Passing arguments to function called by .Define in RDataFrame

Dear all

I have to calibrate data in my columns with a linear function. I would like to that with the use of a reusable function. In order to do that, I am looping .Define, as explained in this post. The problem I have now is how to pass information about which column is being called to my calibrating function, in order to get proper calibration parameters.
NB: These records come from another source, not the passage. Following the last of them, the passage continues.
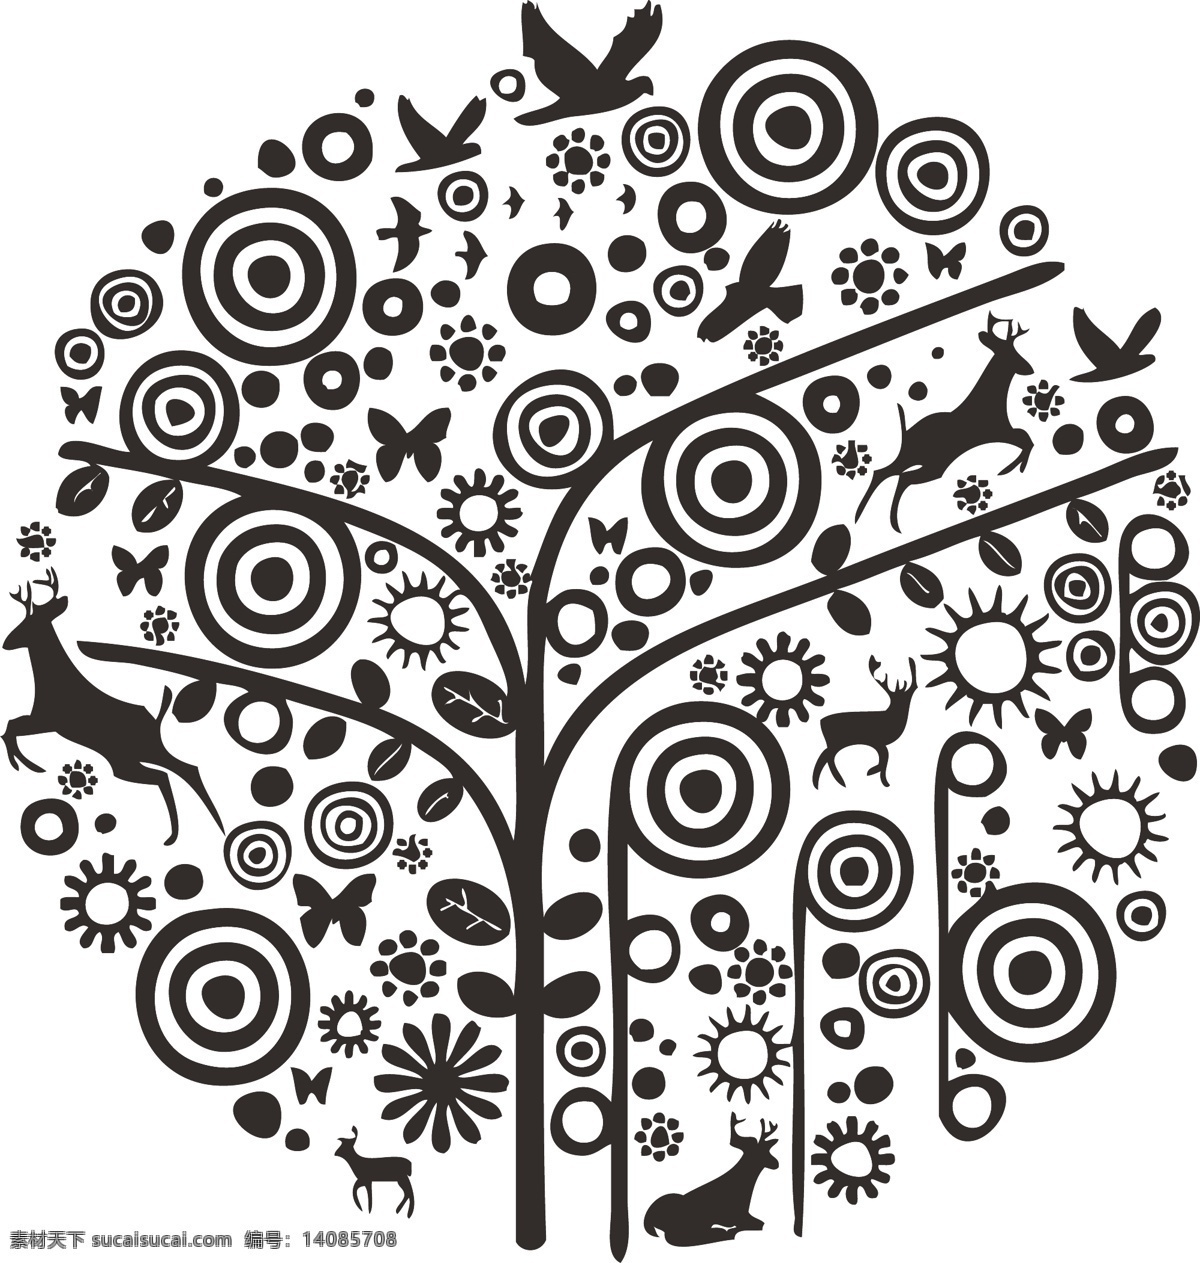 简单图形 简单 图形 插画 矢量 抽象 抽象树 插画树 树 图形树 底纹边框 抽象底纹
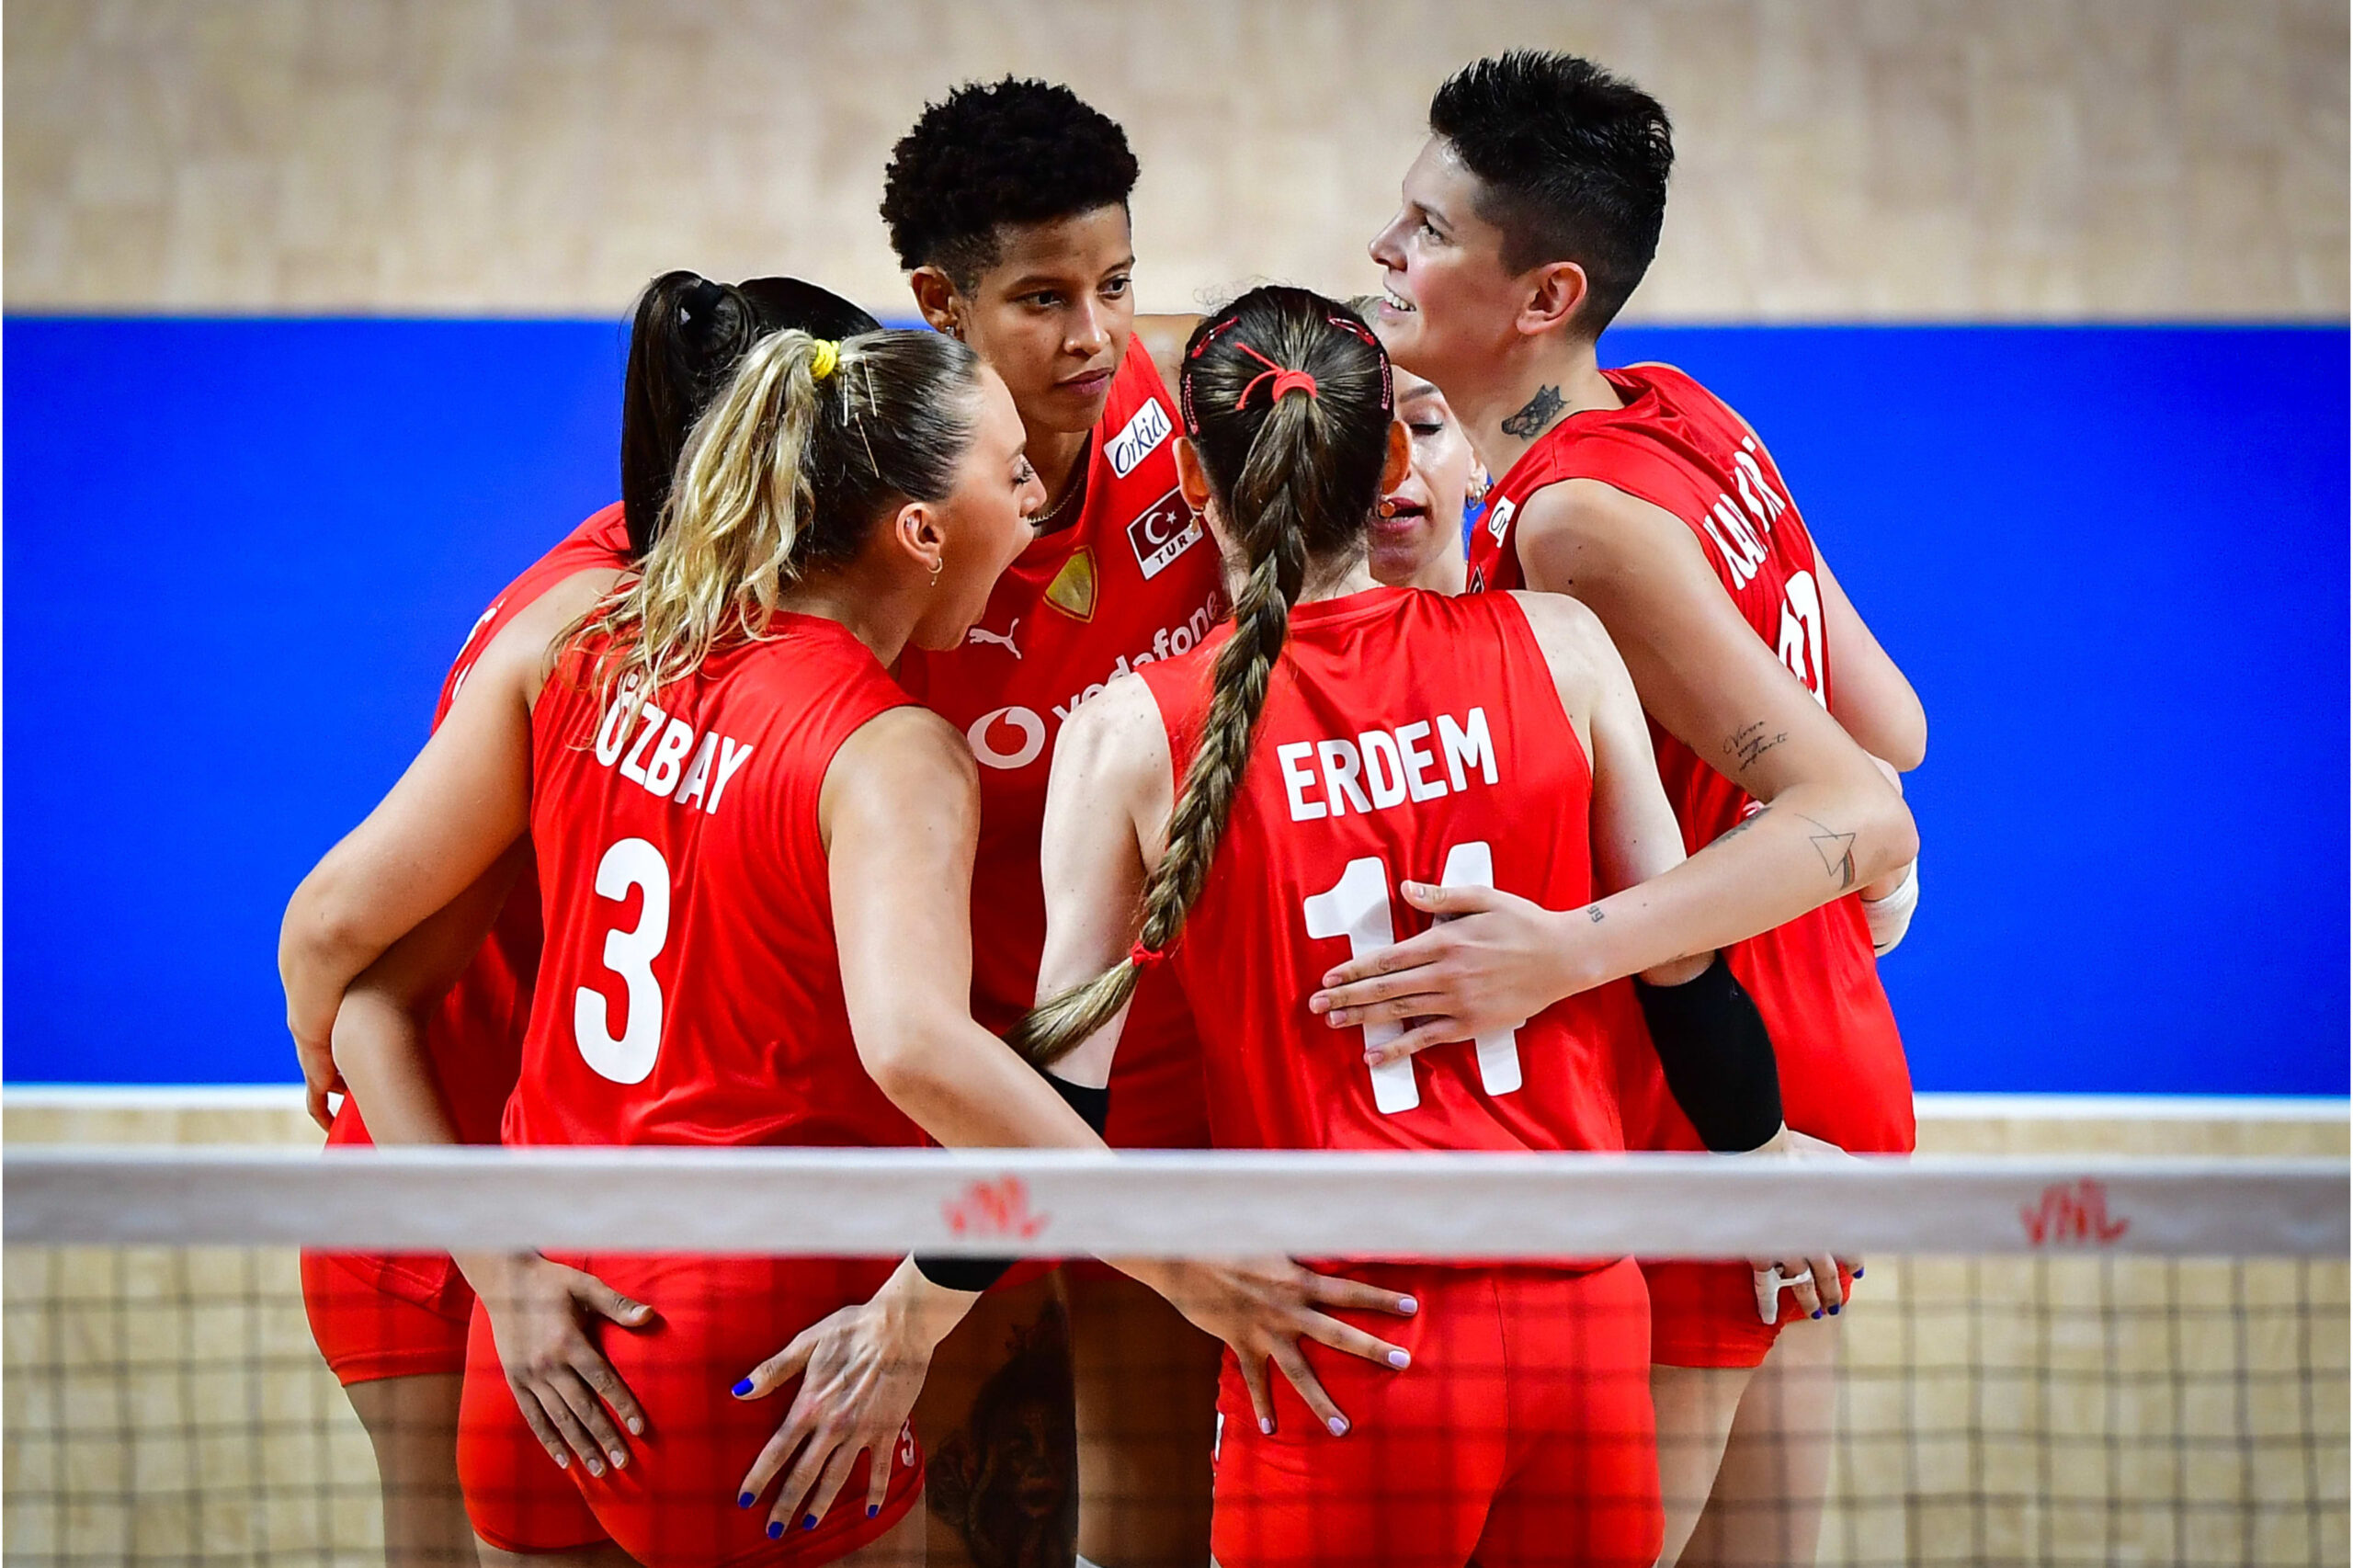 Volley femminile, Olimpiadi Parigi 2024: le favorite. USA, Turchia e Serbia ambiziose, l’Italia può inserirsi
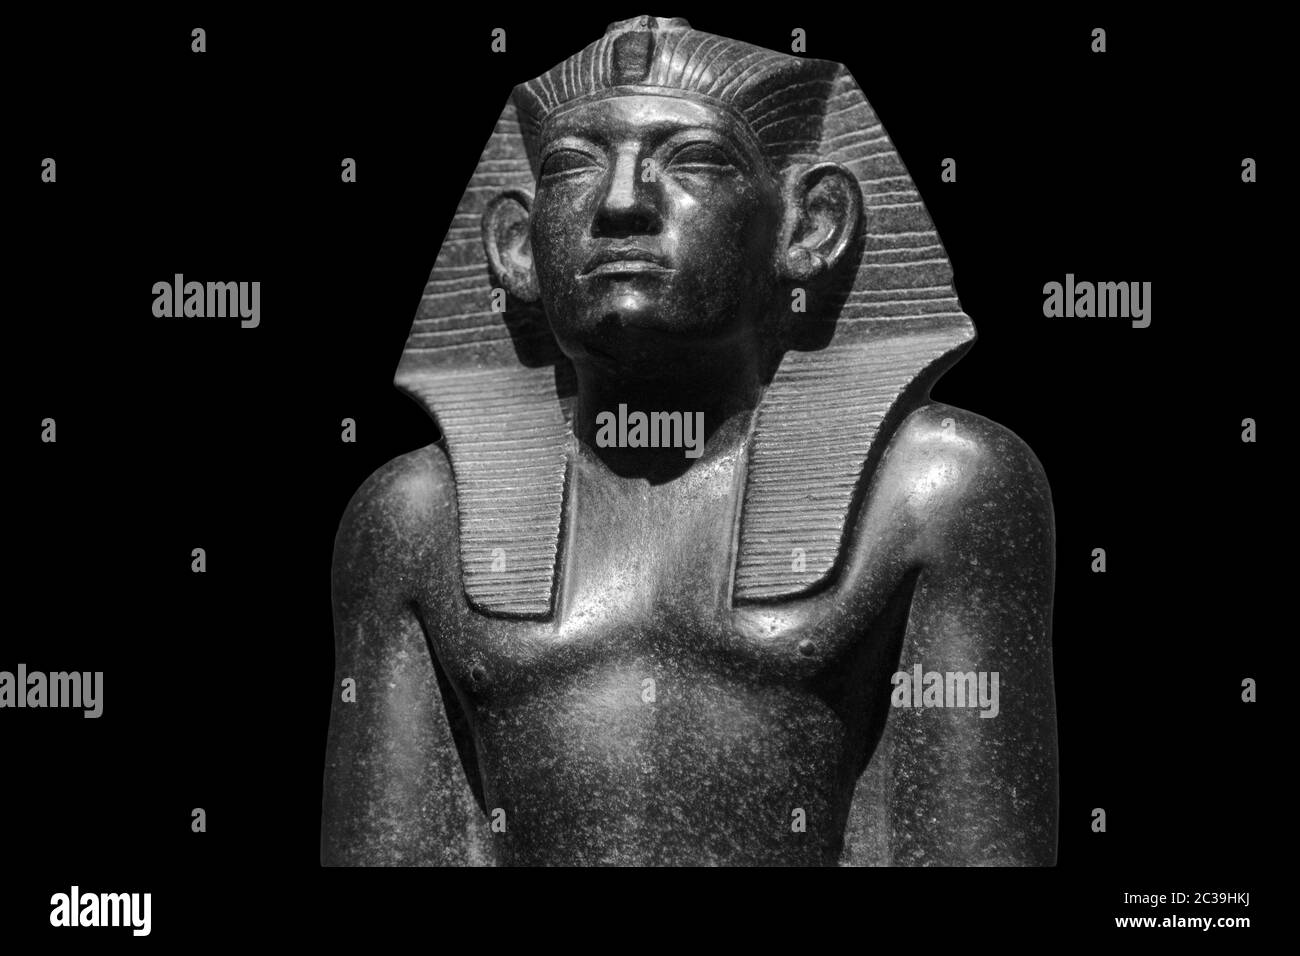 Pharaoh Egyptian gods dead religion symbol stone statue isolated on black. Stone pharaoh tutankhamen mask on black background Stock Photo
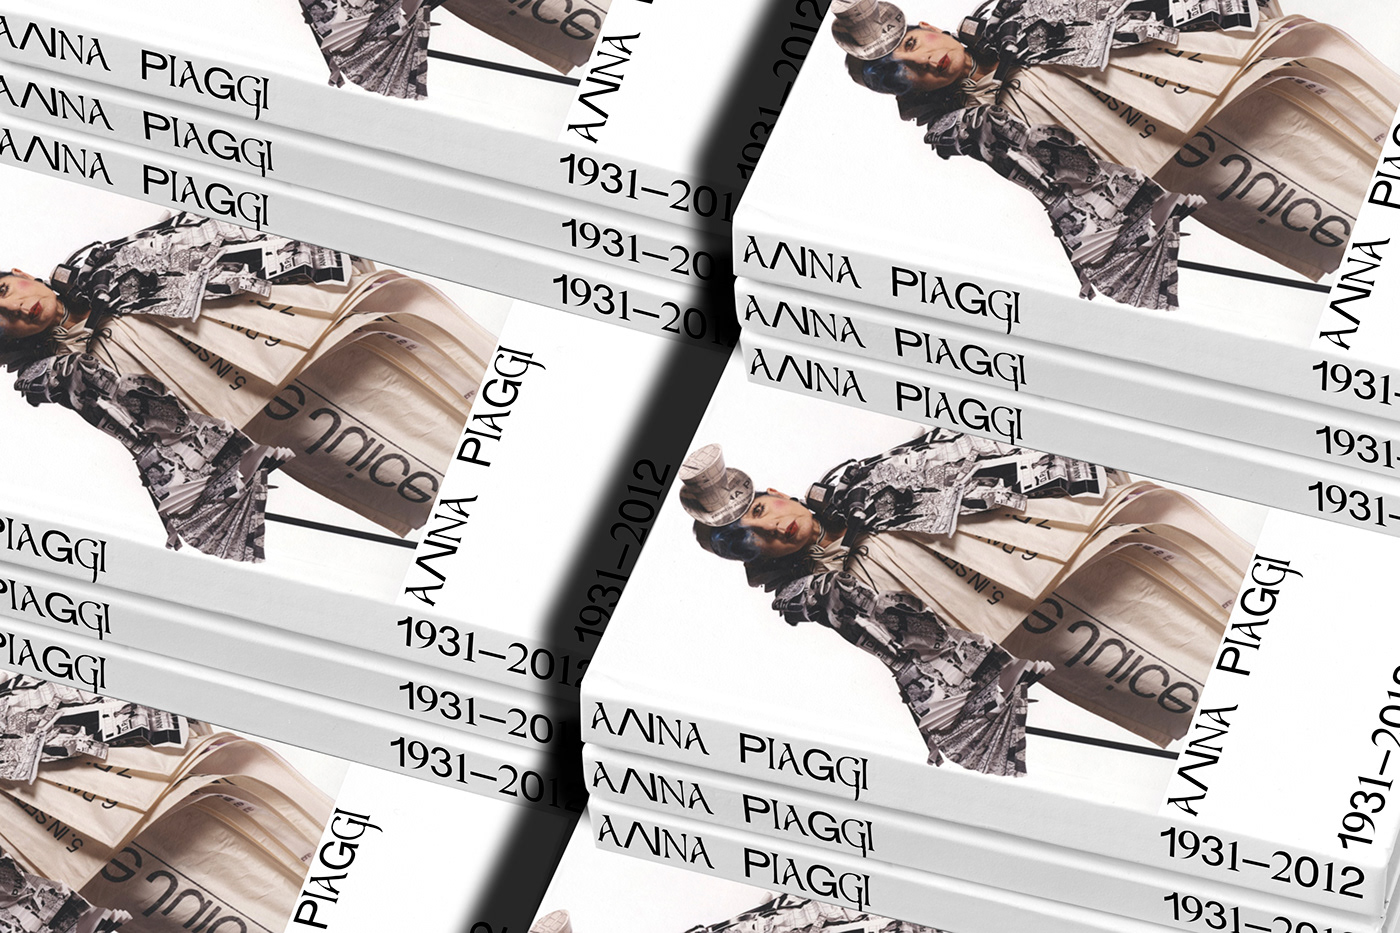 anna piaggi book book design design editorial Fashion  Italy milan milano moda

Calibrating Function below

ROOT::VecOps::RVec<float> calibrateMe(ROOT::VecOps::RVec<unsigned short> &inputArray)
{
	auto mySize = array.size();
	ROOT::VecOps::RVec<float> outputArray(mySize);
	for (size_t iii = 0; iii < mySize; iii++)
	{
		outputArray.at(iii) = B[iii] + A[iii] * inputArray[iii];
	}
	return outputArray;
}

Looped Define function

ROOT::RDF::RNode ApplyDefines(					
					ROOT::RDF::RNode df, 
					const std::vector<std::string> &colNames,
               		unsigned int iii = 0)
{
	if (iii == colNames.size())
	{
		return df;
	}

	std::string newColumn = colNames[iii];
	inputColumn.insert(0, cal_);
	return ApplyDefines(df.Define(newColumn.c_str(), calibrateMe, {colNames[iii].c_str()}), colNames, iii + 1);
}

I figured out that I could modify the first entry in the input tree to contain some ID, but that doesn’t seem to be an elegant solution. Does anybody have any idea?

Cheers,
Bogumił


Please read tips for efficient and successful posting and posting code

ROOT Version: 6.22/00
Platform: Ubuntu 18.04
Compiler: gcc version 7.5.0


Hi @bzalewsk,
and welcome to the ROOT forum!

If I understand the task correctly, the simplest solution is probably to make calibrateMe an object, with the current implementation of calibrateMe that can be just copy-pasted in the object’s operator():

struct Calibrator {
   Calibrator(std::string columnToCalibrate) { ... };

   ROOT::VecOps::RVec<float>
   operator()(ROOT::VecOps::RVec<unsigned short> &inputArray) {
      	auto mySize = array.size();
        ROOT::VecOps::RVec<float> outputArray(mySize);
        for (size_t iii = 0; iii < mySize; iii++)
           outputArray.at(iii) = B[iii] + A[iii] * inputArray[iii];
        return outputArray;
   }
};

and then you create Calibrators as needed in ApplyDefines:

return ApplyDefines(df.Define(newColumn.c_str(), Calibrator(colNames[iii]), {colNames[iii]}), colNames, iii + 1);

(also note that you should not need the c_str().

Hope this helps!
Enrico

1 Like

It’s working like a charm! Thank you very much for your help.

Bogumił Zalewski

1 Like